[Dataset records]
★ ★ ★

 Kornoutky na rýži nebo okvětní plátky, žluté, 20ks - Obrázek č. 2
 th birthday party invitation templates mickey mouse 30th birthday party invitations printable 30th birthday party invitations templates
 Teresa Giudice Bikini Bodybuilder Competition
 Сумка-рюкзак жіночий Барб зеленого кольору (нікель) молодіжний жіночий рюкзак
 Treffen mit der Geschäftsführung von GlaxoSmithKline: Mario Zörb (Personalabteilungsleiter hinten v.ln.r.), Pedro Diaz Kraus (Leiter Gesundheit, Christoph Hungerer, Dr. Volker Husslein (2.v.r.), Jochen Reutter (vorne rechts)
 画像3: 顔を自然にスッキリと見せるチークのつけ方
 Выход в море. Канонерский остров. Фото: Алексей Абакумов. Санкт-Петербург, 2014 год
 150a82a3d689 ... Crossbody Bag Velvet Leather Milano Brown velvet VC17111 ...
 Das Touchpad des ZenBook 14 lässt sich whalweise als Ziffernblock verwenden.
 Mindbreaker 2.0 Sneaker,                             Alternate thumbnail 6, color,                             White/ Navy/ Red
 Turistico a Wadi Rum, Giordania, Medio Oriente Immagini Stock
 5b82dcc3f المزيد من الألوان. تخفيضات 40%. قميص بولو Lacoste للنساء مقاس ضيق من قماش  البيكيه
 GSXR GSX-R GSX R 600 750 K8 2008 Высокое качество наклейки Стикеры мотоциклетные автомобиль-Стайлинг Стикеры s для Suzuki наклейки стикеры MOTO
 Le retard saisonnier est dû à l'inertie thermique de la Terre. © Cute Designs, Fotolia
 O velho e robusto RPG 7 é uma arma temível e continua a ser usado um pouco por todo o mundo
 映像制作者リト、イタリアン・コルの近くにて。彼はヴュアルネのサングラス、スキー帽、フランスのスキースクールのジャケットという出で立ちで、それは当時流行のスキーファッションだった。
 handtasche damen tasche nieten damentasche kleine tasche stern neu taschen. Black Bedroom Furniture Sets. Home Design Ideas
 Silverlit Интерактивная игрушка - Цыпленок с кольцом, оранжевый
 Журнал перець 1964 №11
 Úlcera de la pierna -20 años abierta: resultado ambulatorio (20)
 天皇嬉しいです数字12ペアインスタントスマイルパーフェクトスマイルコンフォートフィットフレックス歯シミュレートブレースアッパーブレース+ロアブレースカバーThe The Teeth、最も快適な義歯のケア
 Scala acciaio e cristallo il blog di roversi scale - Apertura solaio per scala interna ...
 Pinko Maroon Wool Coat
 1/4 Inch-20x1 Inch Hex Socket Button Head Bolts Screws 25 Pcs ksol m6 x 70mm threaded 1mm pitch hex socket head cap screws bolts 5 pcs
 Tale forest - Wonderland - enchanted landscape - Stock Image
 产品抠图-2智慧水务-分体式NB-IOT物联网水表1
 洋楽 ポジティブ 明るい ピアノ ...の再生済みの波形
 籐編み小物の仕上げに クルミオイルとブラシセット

★ ★ ★

**TASK**. Please transcribe all of the data above exactly.

**FINAL ANSWER**.
 Kornoutky na rýži nebo okvětní plátky, žluté, 20ks - Obrázek č. 2
 th birthday party invitation templates mickey mouse 30th birthday party invitations printable 30th birthday party invitations templates
 Teresa Giudice Bikini Bodybuilder Competition
 Сумка-рюкзак жіночий Барб зеленого кольору (нікель) молодіжний жіночий рюкзак
 Treffen mit der Geschäftsführung von GlaxoSmithKline: Mario Zörb (Personalabteilungsleiter hinten v.ln.r.), Pedro Diaz Kraus (Leiter Gesundheit, Christoph Hungerer, Dr. Volker Husslein (2.v.r.), Jochen Reutter (vorne rechts)
 画像3: 顔を自然にスッキリと見せるチークのつけ方
 Выход в море. Канонерский остров. Фото: Алексей Абакумов. Санкт-Петербург, 2014 год
 150a82a3d689 ... Crossbody Bag Velvet Leather Milano Brown velvet VC17111 ...
 Das Touchpad des ZenBook 14 lässt sich whalweise als Ziffernblock verwenden.
 Mindbreaker 2.0 Sneaker,                             Alternate thumbnail 6, color,                             White/ Navy/ Red
 Turistico a Wadi Rum, Giordania, Medio Oriente Immagini Stock
 5b82dcc3f المزيد من الألوان. تخفيضات 40%. قميص بولو Lacoste للنساء مقاس ضيق من قماش  البيكيه
 GSXR GSX-R GSX R 600 750 K8 2008 Высокое качество наклейки Стикеры мотоциклетные автомобиль-Стайлинг Стикеры s для Suzuki наклейки стикеры MOTO
 Le retard saisonnier est dû à l'inertie thermique de la Terre. © Cute Designs, Fotolia
 O velho e robusto RPG 7 é uma arma temível e continua a ser usado um pouco por todo o mundo
 映像制作者リト、イタリアン・コルの近くにて。彼はヴュアルネのサングラス、スキー帽、フランスのスキースクールのジャケットという出で立ちで、それは当時流行のスキーファッションだった。
 handtasche damen tasche nieten damentasche kleine tasche stern neu taschen. Black Bedroom Furniture Sets. Home Design Ideas
 Silverlit Интерактивная игрушка - Цыпленок с кольцом, оранжевый
 Журнал перець 1964 №11
 Úlcera de la pierna -20 años abierta: resultado ambulatorio (20)
 天皇嬉しいです数字12ペアインスタントスマイルパーフェクトスマイルコンフォートフィットフレックス歯シミュレートブレースアッパーブレース+ロアブレースカバーThe The Teeth、最も快適な義歯のケア
 Scala acciaio e cristallo il blog di roversi scale - Apertura solaio per scala interna ...
 Pinko Maroon Wool Coat
 1/4 Inch-20x1 Inch Hex Socket Button Head Bolts Screws 25 Pcs ksol m6 x 70mm threaded 1mm pitch hex socket head cap screws bolts 5 pcs
 Tale forest - Wonderland - enchanted landscape - Stock Image
 产品抠图-2智慧水务-分体式NB-IOT物联网水表1
 洋楽 ポジティブ 明るい ピアノ ...の再生済みの波形
 籐編み小物の仕上げに クルミオイルとブラシセット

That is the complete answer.